Letter to You
Bruce Springsteen
Once upon a time, 55 years ago, there was a band called the Castiles. All but one of them is gone now. He was a “crazy” kid who’d recently graduated from St Rose of Lima high school in Freehold, New Jersey. The nuns there despaired of him. His personal saviours were another Joisy kid called Frank Sinatra and four long-haired lads from Liverpool. He’d concussed himself in a bike fall (this was long before Bob Dylan’s largely mythical “motorcycle accident”), which meant he missed Vietnam and fulfilled the promise he made to all the girls that one day he’d be a star.

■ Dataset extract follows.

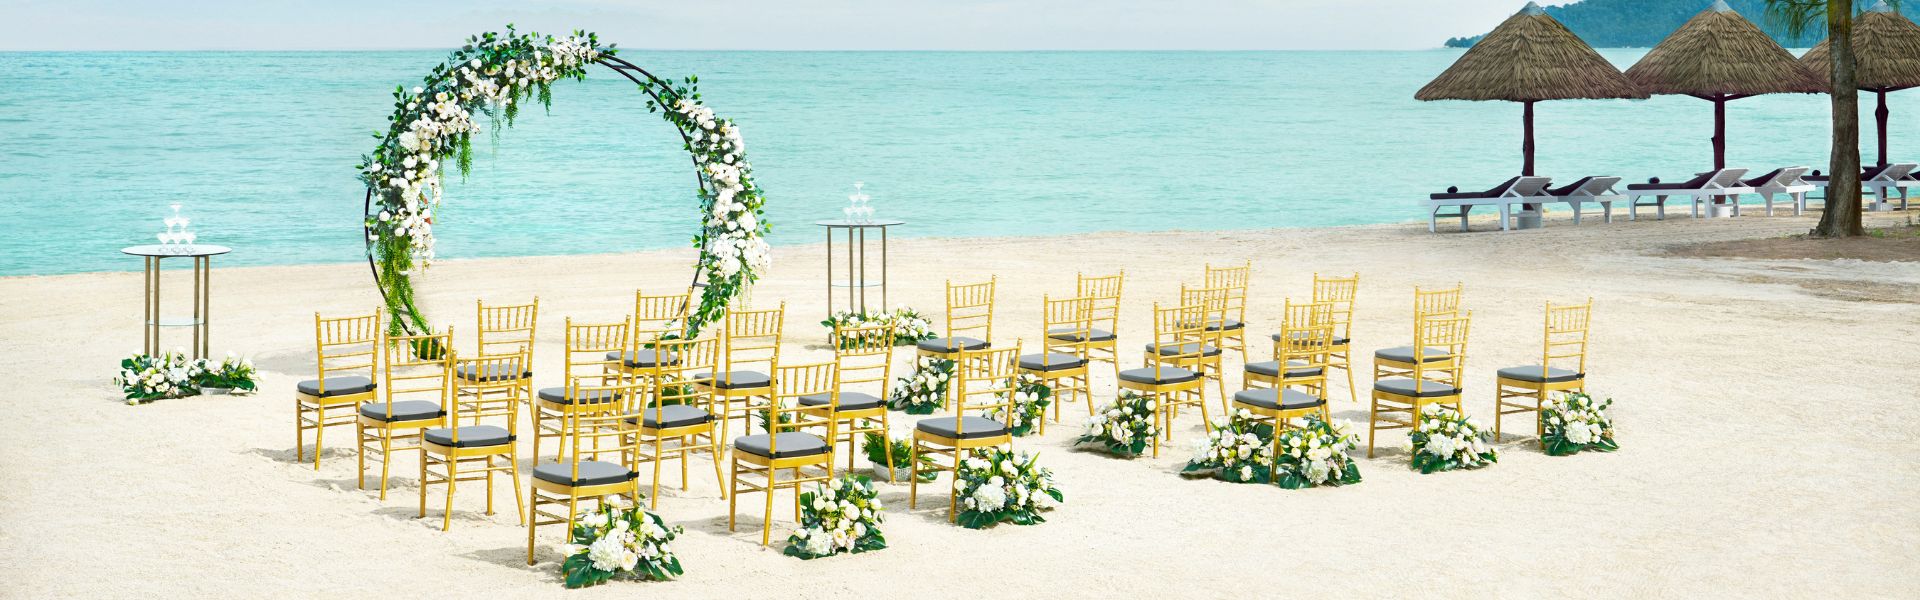 beach wedding at doubletree by hilton damai laut

There’s a stage in life when it all starts to come back again, and Bruce Springsteen’s Letter to You is an elegiac masterpiece. It was inspired by the death of his Castiles former bandmate, George Theiss, in 2018, at whose bedside Bruce had kept vigil during the final illness. Some of the songs on the new album date back almost to the beginning. “If I Was The Priest” was among the tunes he’d played at an audition for legendary A&R man John Hammond. I have “Janey Needs A Shooter” on a 1980 Warren Zevon album called Bad Luck Streak in Dancing School (though it’s given as “Jeannie”) – a sign that Springsteen, like Prince, has often passed on some of his best songs to others.